Original URL: https://www.theregister.com/2009/01/06/25_years_of_microsoft_and_the_mac/

Microsoft and Apple: 25 years of couples therapy

Saved by a giant head

By Rik Myslewski

Posted in Personal Tech, 6th January 2009 01:38 GMT

Macworld Expo Microsoft wants you to know that it's not just the Mac that's holding a 25th birthday party: 2009 marks the 25th year that Redmond has developed software for Apple's quarter-centarian computer.

The Apple/Microsoft relationship has had its rocky moments, to say the least. But the fact remains that Microsoft has consistently been at the top of the heap among Mac-productivity software publishers since the company released Word 1.0 for Mac in 1984.

In the Beginning, There Was Word

Although it was Microsoft's first productivity app for the Mac, Word didn't originate at Microsoft. It's earliest ancestor was Bravo, arguably the first WYSI(sorta)WYG word processor, developed at Xerox PARC in 1974.

Seven years later, Microsoft hired Charles Simonyi, one of Bravo's lead developers, to head-up work on Word's most-direct progenitor, Multi-Tool Word, which was released in the spring of 1983 for Xenix, Microsoft's sole foray into the world of Unix.

In 1984, Multi-Tool Word was ported to the Apple's new Mac, and Microsoft has been publishing productivity software for the Mac ever since.

For its next trick, Microsoft released Excel 1.0 in 1985. Then it shipped PowerPoint 1.0 in 1987, which remained a Mac-only app until 1990.

Although obviously influenced by previous spreadsheets such as VisiCalc, Lotus 1-2-3, and Microsoft's own MultiPlan, Excel was developed inside Microsoft. After a brief vaporware scare from Lotus Jazz, Excel settled into its role as the Mac's go-to spreadsheet.

PowerPoint was developed by Forethought of Sunnyvale, California, just up the road from Apple's Cupertino home. Originally called Presenter, that name was changed by Forethought to PowerPoint when trademark problems surfaced.

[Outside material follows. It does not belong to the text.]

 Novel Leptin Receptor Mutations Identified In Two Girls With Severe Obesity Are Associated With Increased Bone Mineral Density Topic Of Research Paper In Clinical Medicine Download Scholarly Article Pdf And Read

Forethought and PowerPoint were bought by Microsoft in 1987, and in 1989 Microsoft bundled its three Mac apps together in the first version of Office for Mac: Word 4.0, Excel 2.20, and PowerPoint 2.01.

Bumps in the Road

Before the bundling of Office, however, Microsoft hit a major pothole with Word 3.0, which, upon its release in 1987, was notoriously buggy. After a few months, however, Microsoft mailed bug-squashing version 3.0.1 to all users who had registered Word 3.0.

Word, 5.0 was released in 1991, and its next iteration, 5.1, is still remembered fondly by many long-term Mac fans as the nimblest, most stable Mac version - especially when compared with the wretched Word 6.0 of 1993, for which Microsoft apologized to reviewers and journalists the following year.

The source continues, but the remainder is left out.